The article combined with the case to share several key issues of instrument chart design, hoping to give you some reference.
The data dashboard is the visual presentation of multiple data in a single web page, and its purpose is to provide information aggregation for users to take quick actions. Dashboards are commonly used tools in web pages, applications, and business environments, and are used to display daily monitoring information. Efficient visualization of chart-type dashboards is based on human cognition to transmit information based on attributes such as length, width, and 2D position.

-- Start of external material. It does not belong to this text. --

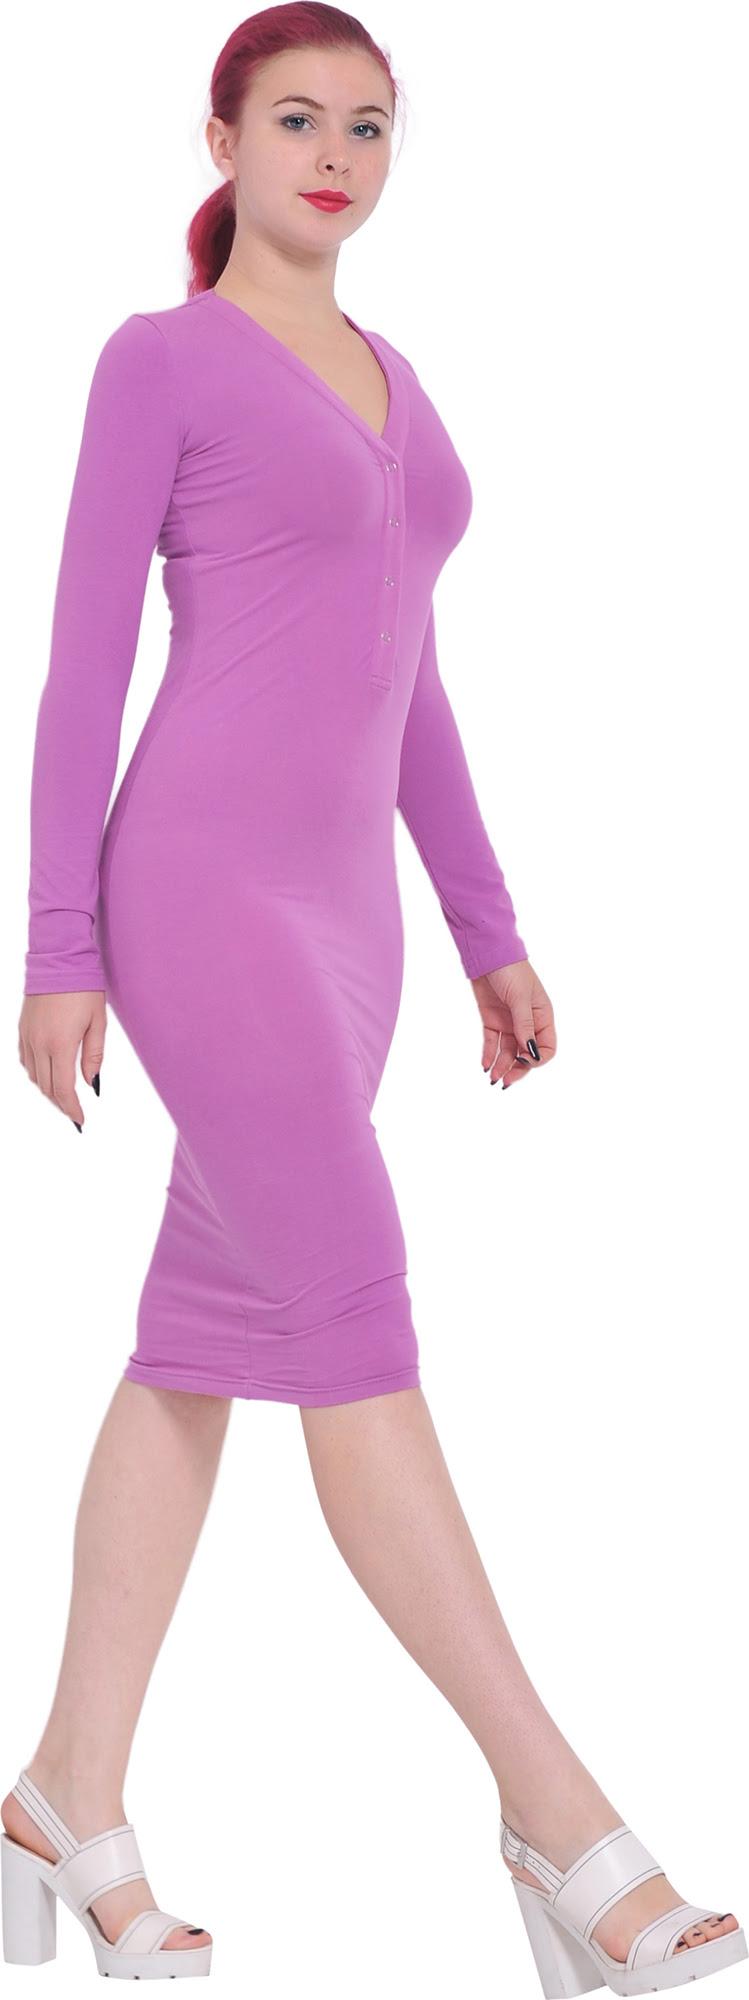 Bodycon dresses tea long plus length size cute for
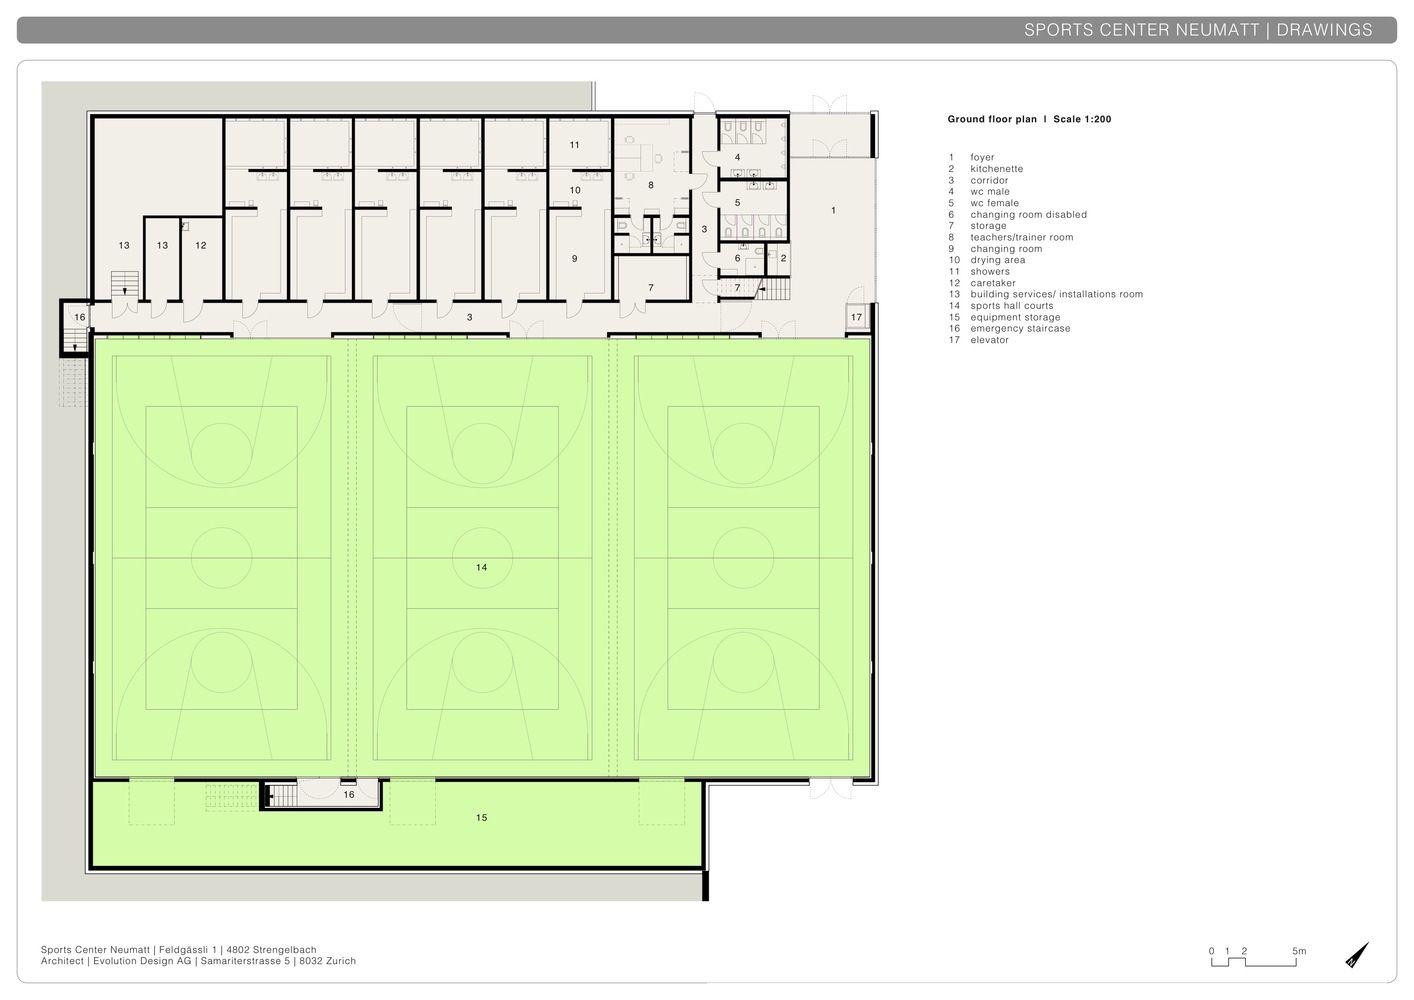 Gallery Of Neumatt Sports Center Evolution Design 30 Sports Sport Hall Indoor Volleyball

The data type “instrument panel” is similar to the car “instrument panel”. The car dashboard allows the driver to quickly and intuitively understand the current driving situation. Similar dashboards in the Web or APP are similar and will not be presented as complex data. They should provide information with minimal cost interaction. For example, when the user first sees the dashboard, he immediately knows whether I am running at a speed, whether natural gas is exhausted, whether sales have increased, and what is the volume of mail pushes this week compared to the same period last year? Of course, there is still a big difference between the physical dashboard and the web. The website is a place where a single point of intervention provides comprehensive services, while the real dashboard focuses on delivering key information to help complete a single task.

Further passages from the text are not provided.